Improvements in software for analyzing DW-MRI data are needed. Such software should be adapted for “clinical” and “research” uses. Ideally, the ability to generate synthetic b-value images back-calculated from ADC/b values (less noise) would be valuable and could be used to extrapolate very high b value images. The method of calculating ADC should be clear to the reader (via fitting displays, noise of individual b-value images, and calculation error). There should be flexible scaling of ADC images on displays and the ability to generate ADC values for any given range of b values to promote the calculation and reporting of perfusion-insensitive ADC values in clinical studies. Low SNR pixel values should be eliminated before ADC map calculation, and these pixels should be flagged as “not-a-number” for exclusion from subsequent analysis. The ability to segment (threshold) high-b value/ADC images and then to obtain ADC values from “threshold ROIs” using histograms are needed.
Fusion imaging techniques are invaluable for DW-MRI, and improved registration in three-dimensional using mutual information and warping techniques is needed.
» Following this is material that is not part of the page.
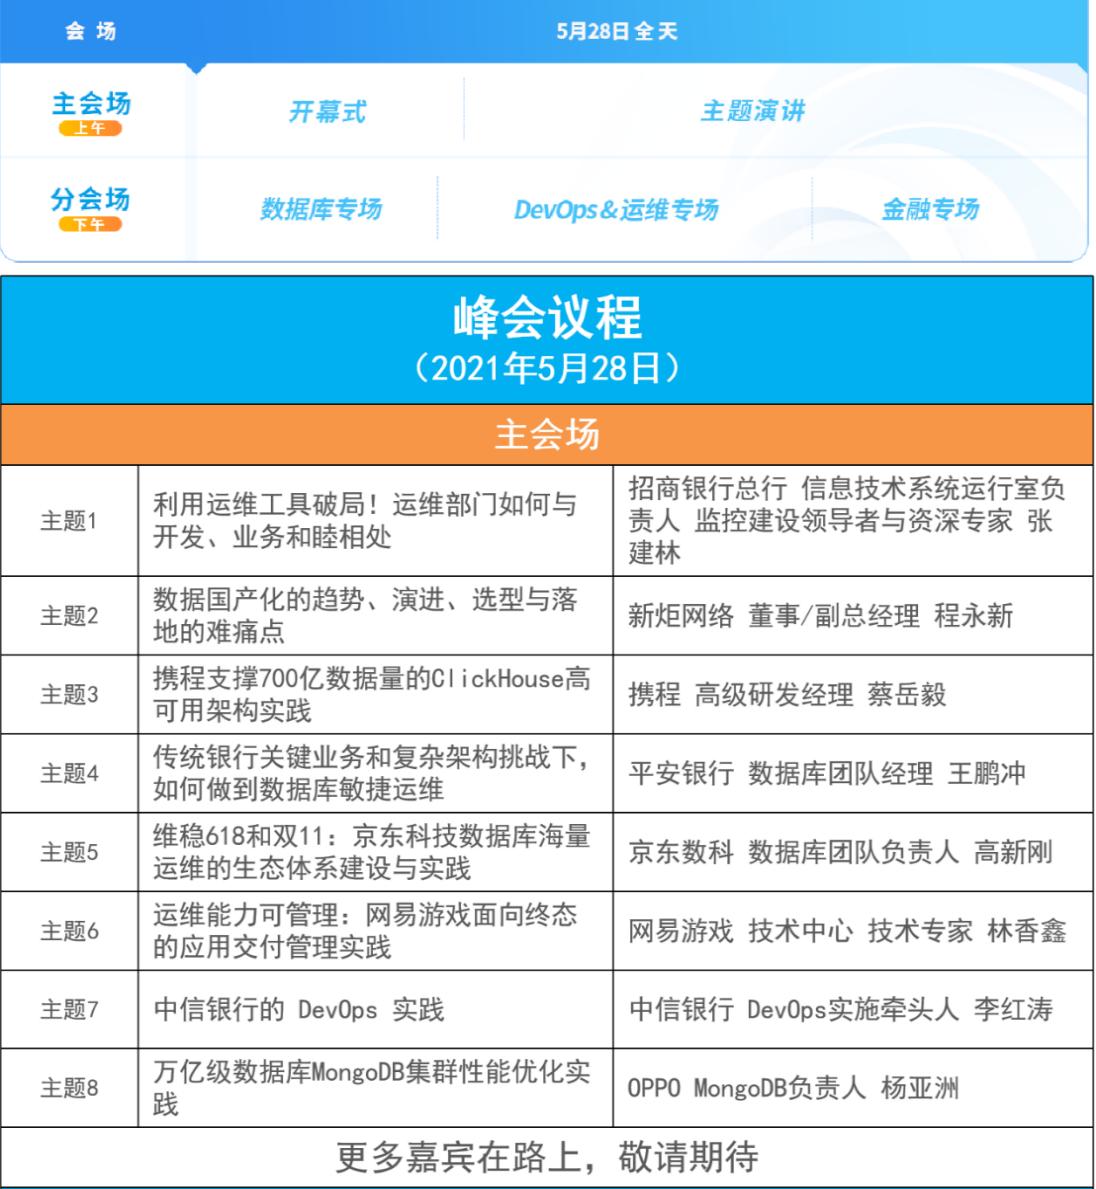 https://sslprod.oss-cn-shanghai.aliyuncs.com/stable/markdown_pic/20210324/8198/46152422/1616551936952.jpg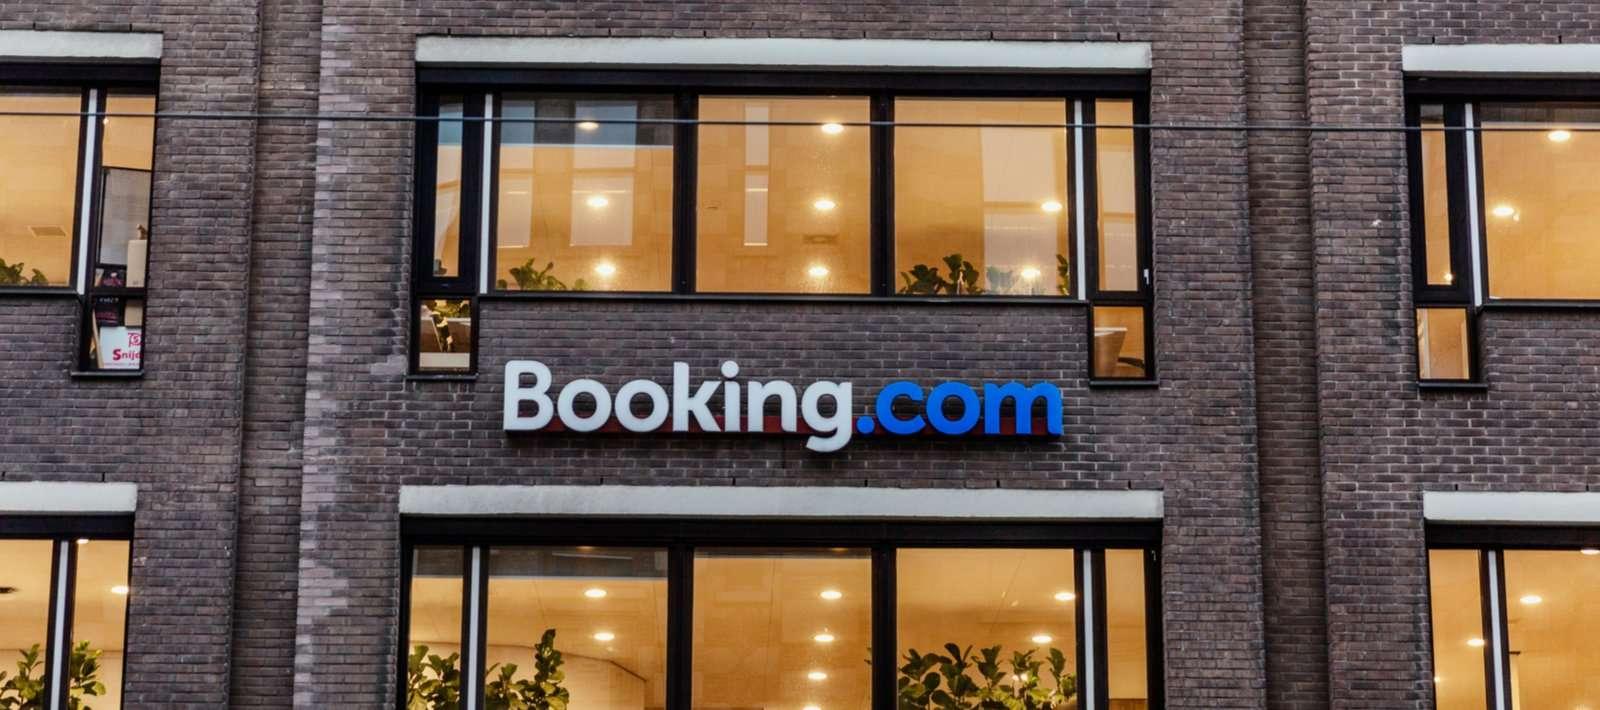 Booking.com Partnership and Affiliate Programs

Fusion methods need to be integrated into analysis and reporting/communication tools. Fusion techniques need to be improved and extended with the ability to display, coregister, segment, fuse, and analyze multiple functional imaging methods (DCE; blood oxygenation level-dependent, magnetic resonance spectroscopic imaging, etc.) in an integrated single work space. Such tools should allow for missing functional data sets (not obtained, poor SNR, corruption, and artifacts).
It is becoming clear that DTI techniques provide information that is valuable for investigating some organs such as the kidneys, muscle, and the prostate gland. These efforts should be encouraged, and to this end, robust data acquisition sequences and analysis software should become more available.
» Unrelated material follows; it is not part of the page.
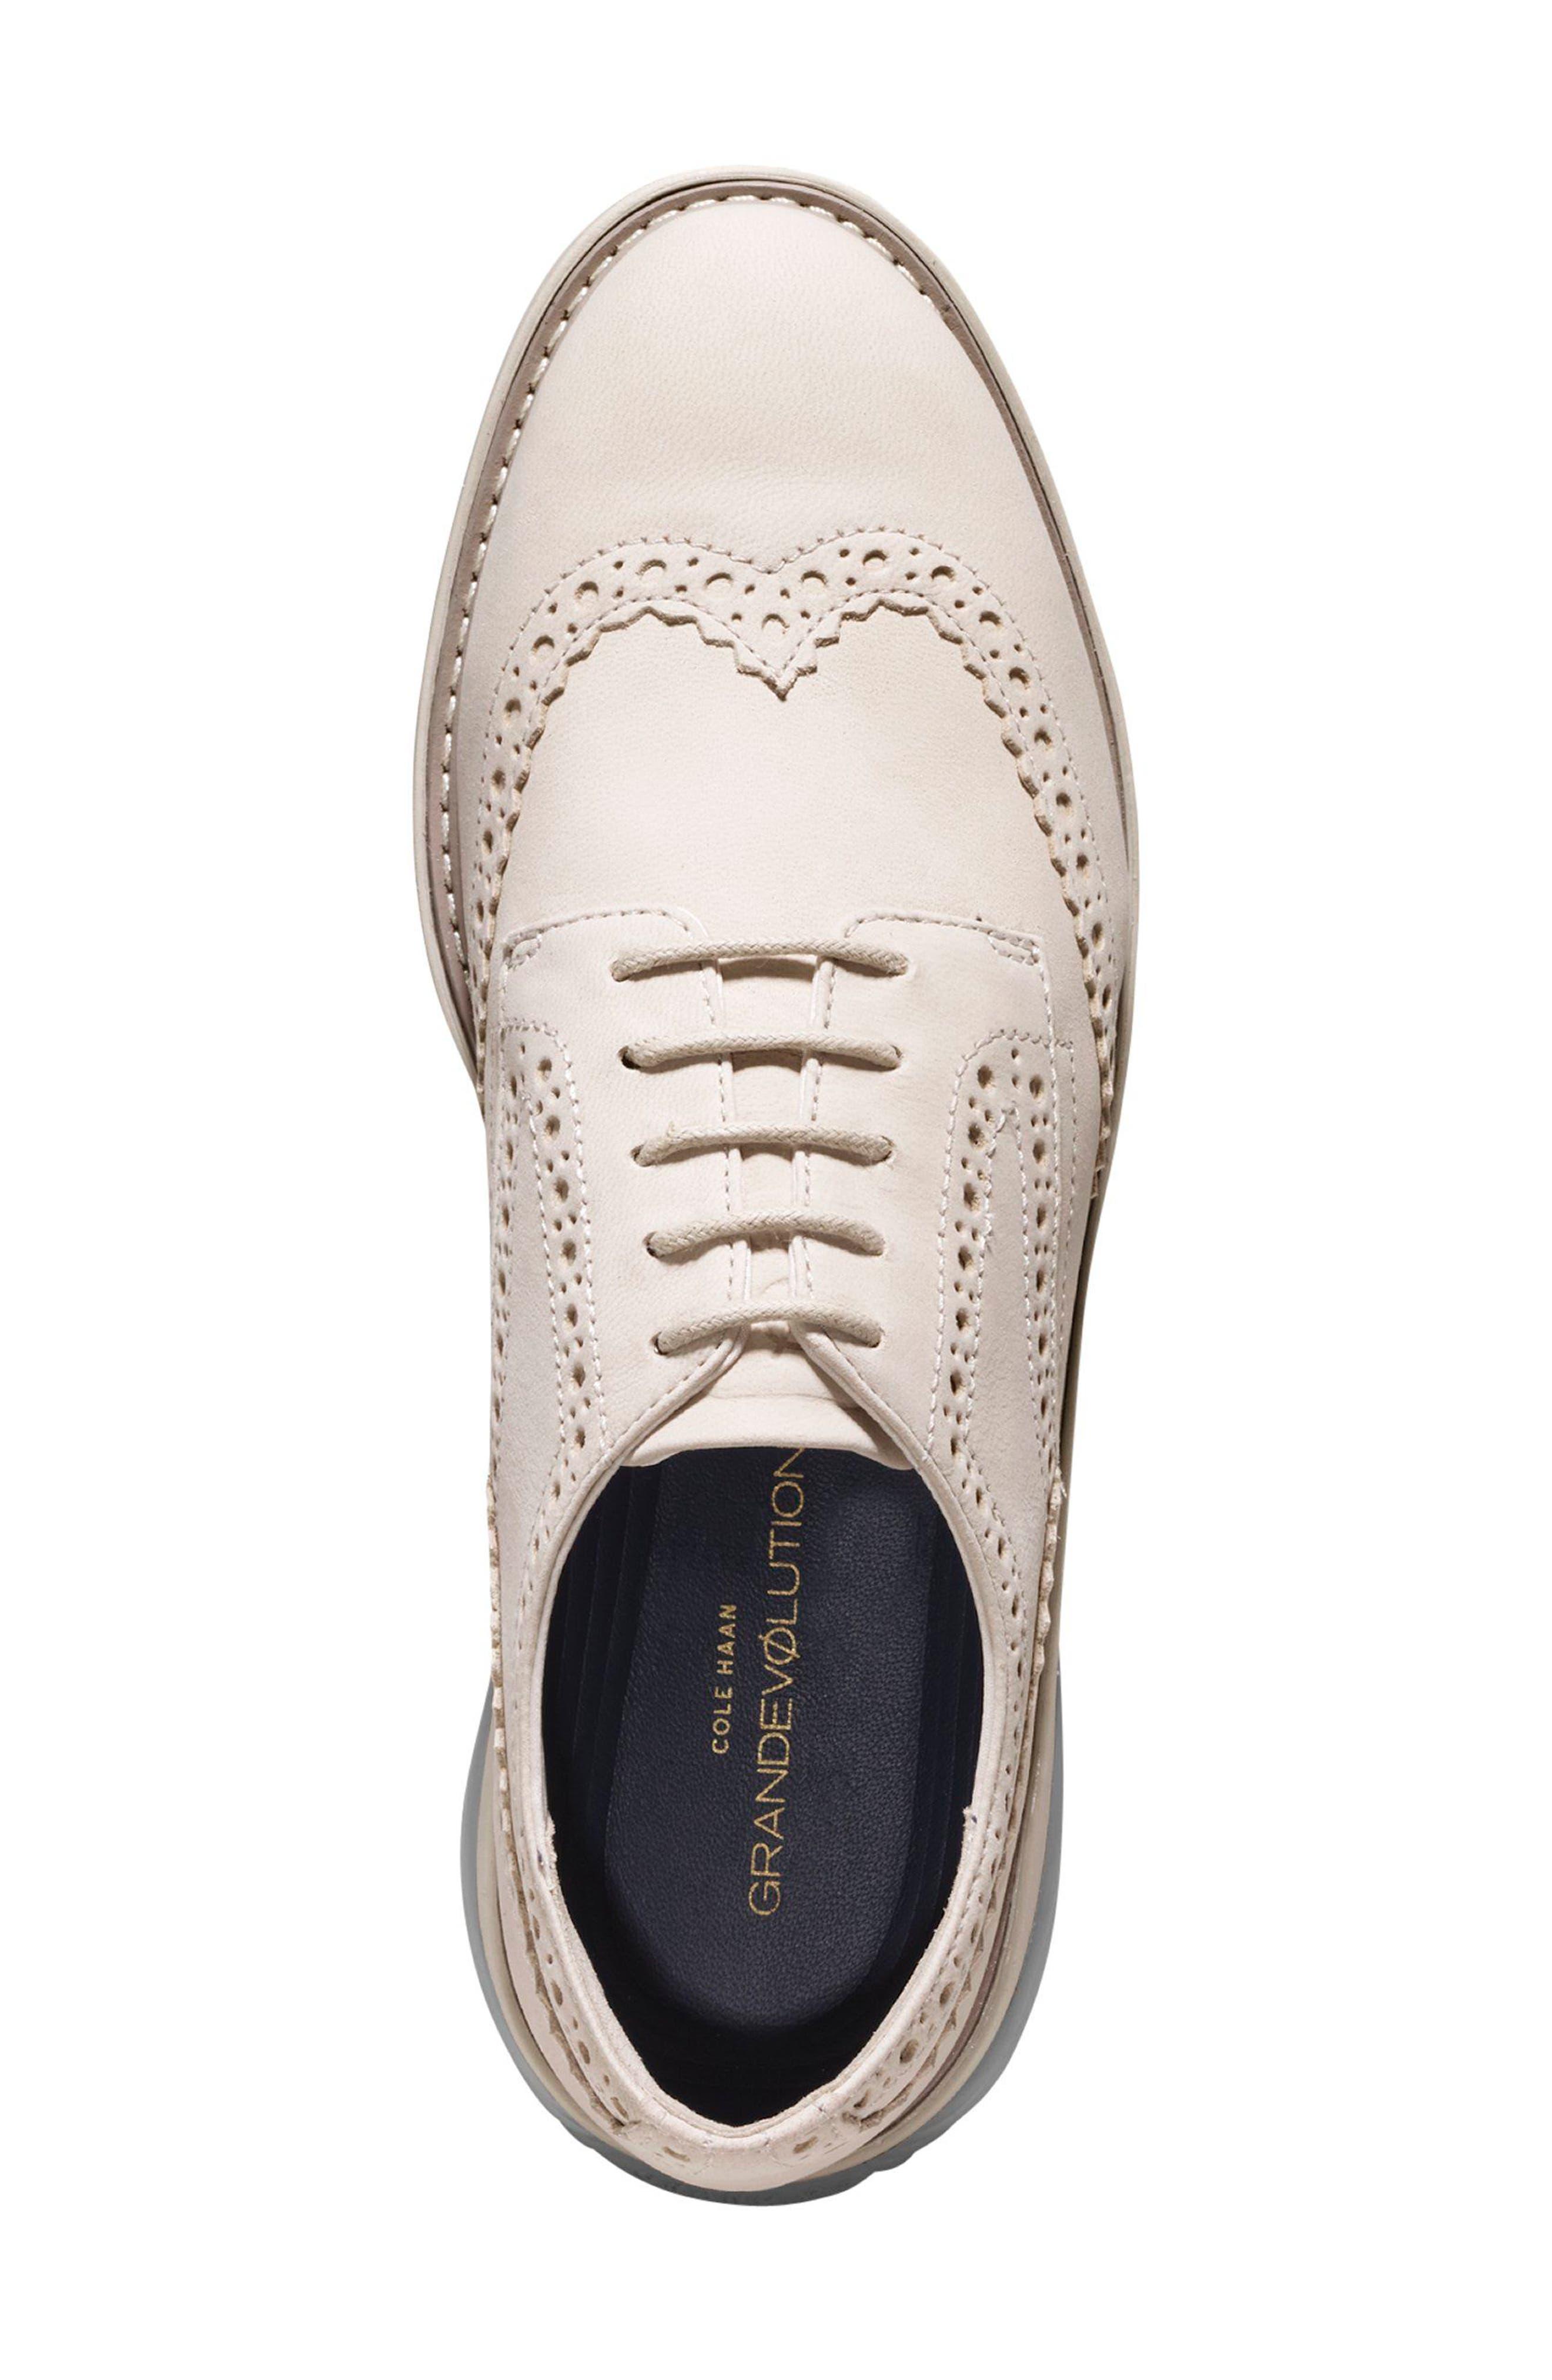 Grandevolution Shortwing Oxford Sneaker,                             Alternate thumbnail 4, color,                             Pumice Stone Nubuck

Diffusion-weighted MRI is an attractive noninvasive, quantitative technique that yields parameters that relate to tissue structure, cellularity, and necrosis. The plethora of existing methods in the current literature makes it impossible to conclude definitively that DW-MRI is qualified as a pharmacodynamic marker of therapy response. Therefore, the major outcome of this consensus document is to stimulate funding agencies, vendors, and clinical trials to collaborate on the design of multicenter studies that will test the value of DW-MRI in more controlled circumstances than have hitherto been possible. This will require focused groups of researchers to agree on precise clinical scenarios in a variety of cancer types and on the timing of imaging so as to address key biomarker development questions. Agreements will be needed on data acquisition and analysis methods that yield water diffusion biomarkers, on calibration tools, and statistical methods for analyzing trial data. Although this task is complex, the potential benefits are enormous given the ease with which DW-MRI data can be incorporated into clinical trials. We hope that this White Paper will catalyze action in this field so that these challenges can be addressed in the near future.
The International Standards Organization (ISO: 5725) definitions repeatability and reproducibility as follows:
Thus, repeatability refers to the ability of a measurement system to provide consistent readings on a given object. A major requirement is that external sources of error are controlled; in this case, only one observer performs the measurement and the spontaneous variability of the biologic parameter is assumed to change little during the brief period. Repeatability thus informs on equipment variation. In MRI, the repeated measurement of tissue relaxation properties without moving the patient over a short period is thus a repeatability study. It should be noted that repeatability is both a concept but also a specific statistical measure (see below).
Reproducibility, however, is the ability for multiple operators/experiments to achieve consistent results on identical objects. Thus, reproducibility measures the typical error between observers when each observes the same quantity. Reproducibility informs on appraiser/experimental variation. A DW-MRI measurement repeated on patients a few days apart is considered to be a reproducibility study. Even if the equipment and analysis technique used for the two measurements is identical, the experimental conditions are different because of the timing element.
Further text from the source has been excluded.